Shouldn't we credit the director, the one who decided to shoot 75 feet, for the success of the Tramp? Keystone didn't have writers in those days, but did the director of Mabel's Strange Predicament unleash the Tramp? Doesn't Sergio Leone deserve some credit for Clint Eastwood's Man With No Name? Doesn't the director dictate tempo and decide who gets the camera's attention? Isn't the director's job to seek out the hidden talents of his actors and make sure they end up on screen? Doesn't a good director jump on a happy accident like the Tramp and ride it with a prayer of gratitude?

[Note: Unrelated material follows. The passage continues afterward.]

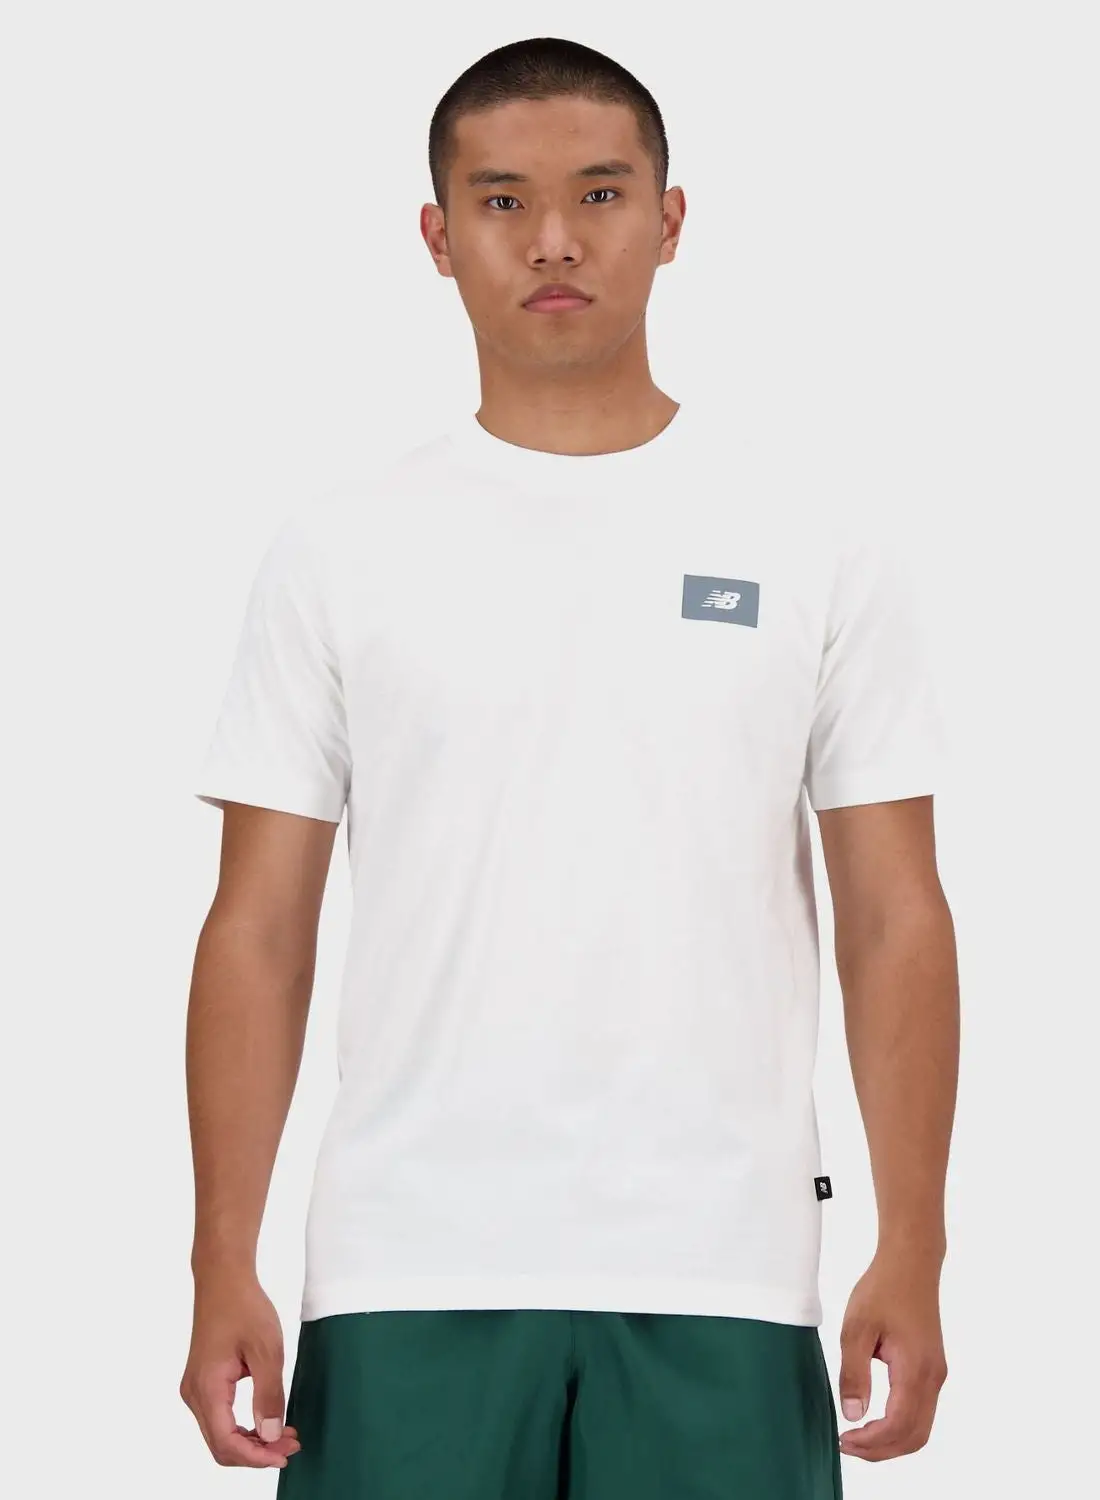 New Balance Logo T-Shirt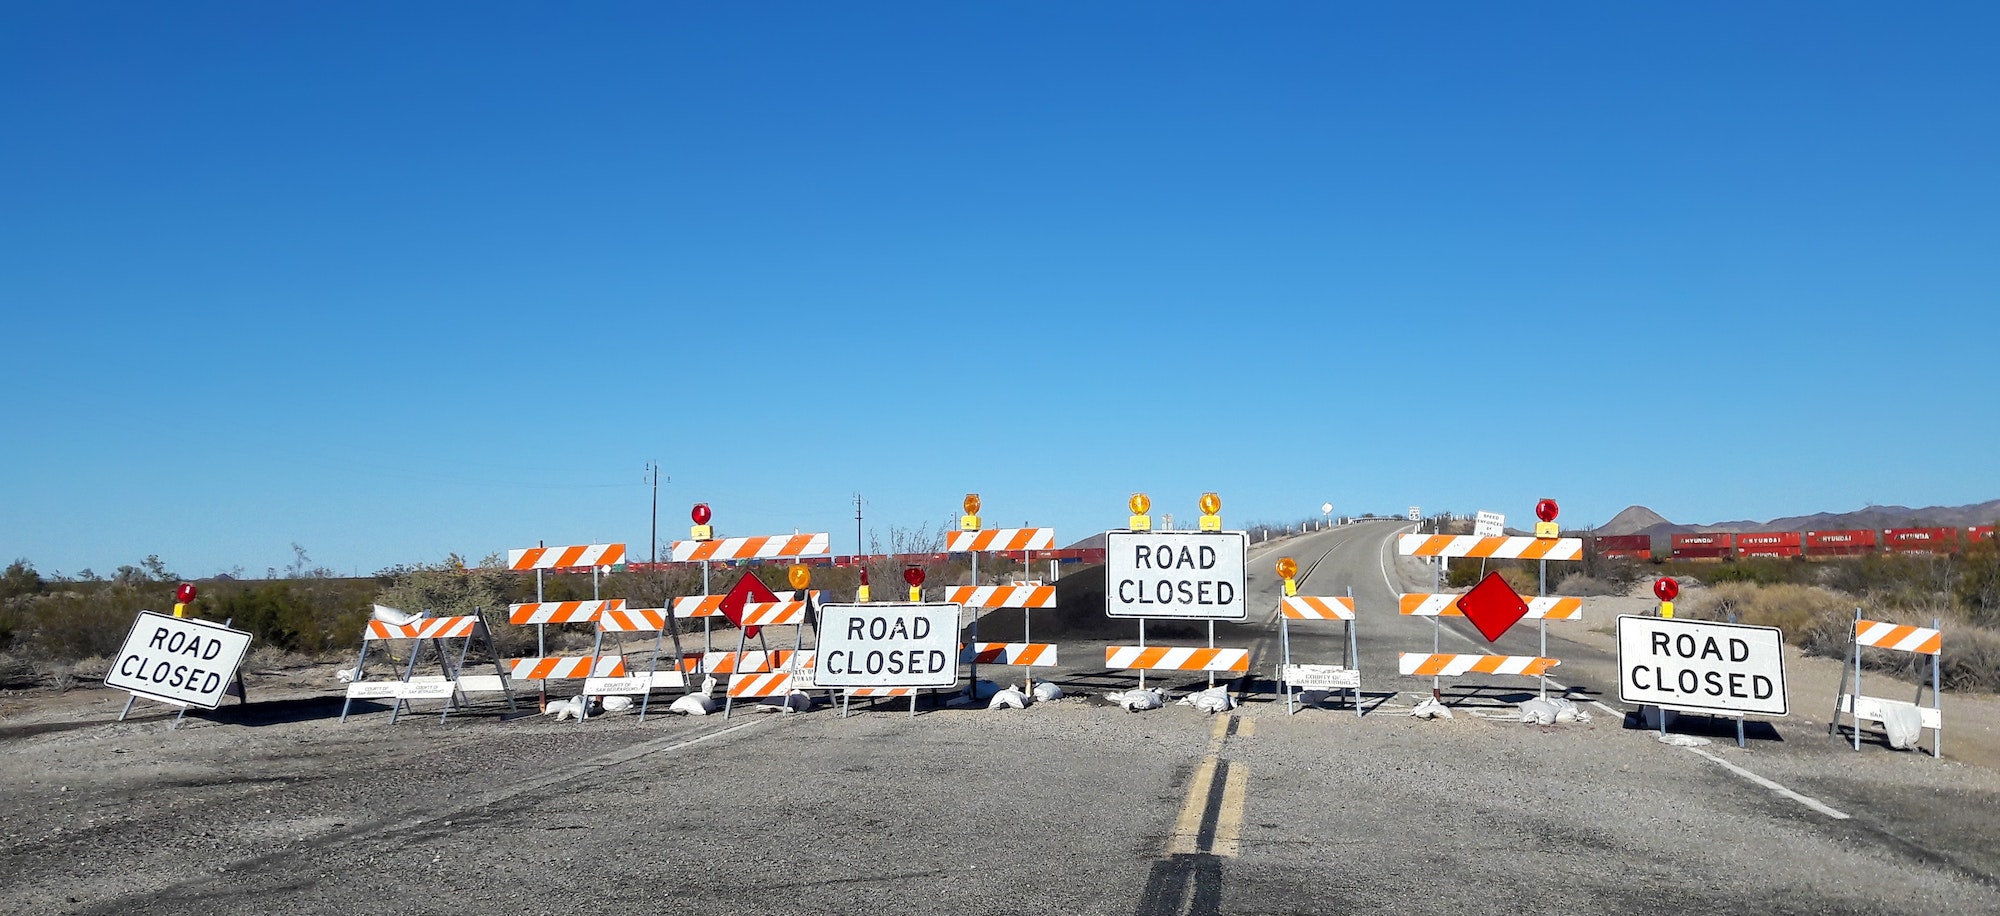 Route 66 - Road Closed

What Sennett and Chaplin both neglect to mention in their memoirs is that Mabel Normand was among the very first stars to direct their own films, and Normand directed Mabel's Strange Predicament. Perhaps in the intervening decades they forgot. It was certainly in their interest to forget. Why diminish their own roles in creating the miracle of the Tramp? Normand remembered it differently; she recalled Sennett's fury after seeing Chaplin's performance, screaming that Lehrman "had hooked himself up with a dead one." Normand said she begged him to give Charlie another chance.

Sennett acknowledges her effect on Chaplin:

After Mabel saw what Charlie could do in his new costume and tramp character, she changed her mind about 'that Englisher.' She not only wanted to work with him but wanted to help him. Charlie knew nothing about screen acting. He did not know how to behave in front of a camera, or why he was directed to move left to right in order to match a scene shot the day before. He was baffled by instructions to react to someone off camera — someone who would be inserted in the next day's shooting. Mabel patiently explained these and other simple techniques to Charlie, who had rebelled when Pathé Lehrman gave him orders.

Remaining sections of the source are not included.